I could created successfully an index and an analyzer either straight from Postman (curl or any other tool not relying on Spring Data) or during Spring boot initialization. Nevertheless, when I try to use the analizer it seems it is ignored for the one created straight from Postman.

So my main question is: is Springdata adding some setting I am missing when I try straight from posting the json stting? A secondary question is: is there someway to enable Springdata to print the commands auto-generated and executed (kind of similar approach with Hibernate whihc allows you to see the commands printed)? If so, I can visually debug and check what is different.
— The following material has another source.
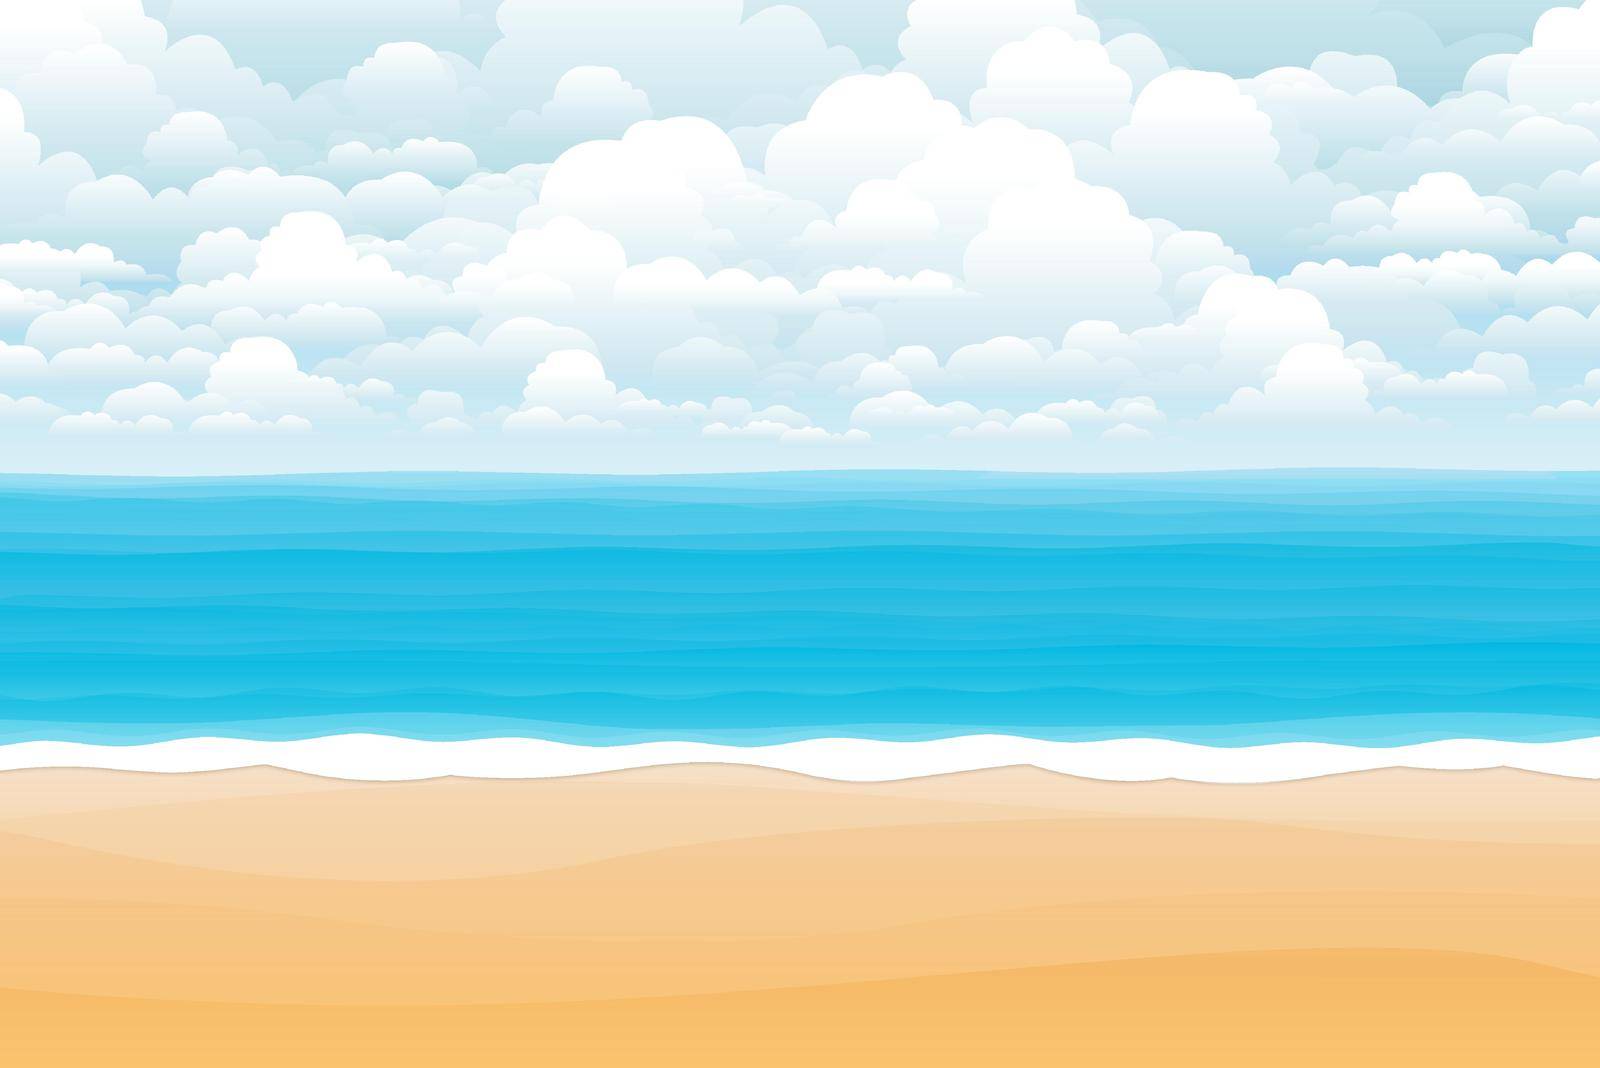 Tropical seascape,Illustration Summer beach on cloudy days.

This is the way creting Index and Analyzer from Springboot/Spring-Data.

main method to boot

@EnableElasticsearchRepositories
@SpringBootApplication
public class SearchApplication {

    public static void main(String[] args) {
        SpringApplication.run(SearchApplication.class, args);
    }

}

my model

@Document(indexName = "correntistas")
@Setting(settingPath = "data/es-config/elastic-setting.json")
@Getter
@Setter
public class Correntista {
    @Id
    private String id;
    private String conta;
    private String sobrenome;

    @Field(type = FieldType.Text, analyzer = "autocomplete_index", searchAnalyzer = "autocomplete_search")
    private String nome;
}

src/main/resources/data/es-config/elastic-setting.json *** NOTE THIS IS EXACTLY THE SAME SETTING I AM POSTING FROM POSTMAN

{
  "analysis": {
    "filter": {
      "autocomplete_filter": {
        "type": "edge_ngram",
        "min_gram": 1,
        "max_gram": 20
      }
    },
    "analyzer": {
      "autocomplete_search": {
        "type": "custom",
        "tokenizer": "standard",
        "filter": [
          "lowercase"
        ]
      },
      "autocomplete_index": {
        "type": "custom",
        "tokenizer": "standard",
        "filter": [
          "lowercase",
          "autocomplete_filter"
        ]
      }
    }
  }
}

Checking if it was created succesfully I see:

get http://localhost:9200/correntistas/_settings

{
    "correntistas": {
        "settings": {
            "index": {
                "number_of_shards": "5",
                "provided_name": "correntistas",
                "creation_date": "1586615323459",
                "analysis": {
                    "filter": {
                        "autocomplete_filter": {
                            "type": "edge_ngram",
                            "min_gram": "1",
                            "max_gram": "20"
                        }
                    },
                    "analyzer": {
                        "autocomplete_index": {
                            "filter": [
                                "lowercase",
                                "autocomplete_filter"
                            ],
                            "type": "custom",
                            "tokenizer": "standard"
                        },
                        "autocomplete_search": {
                            "filter": [
                                "lowercase"
                            ],
                            "type": "custom",
                            "tokenizer": "standard"
                        }
                    }
                },
                "number_of_replicas": "1",
                "uuid": "xtN-NOX3RQWJjeRdyC8CVA",
                "version": {
                    "created": "6080499"
                }
            }
        }
    }
}

So far so good.

Now I delete the index with curl -XDELETE localhost:9200/correntistas and I will do the same idea but creating the index and analyzer at once from Postman:

put http://localhost:9200/correntistas with exact same analyzer posted above:

creting index and analyiser at once

Then if I check I the settings I see exact the same result as it was created above from Spring-Data.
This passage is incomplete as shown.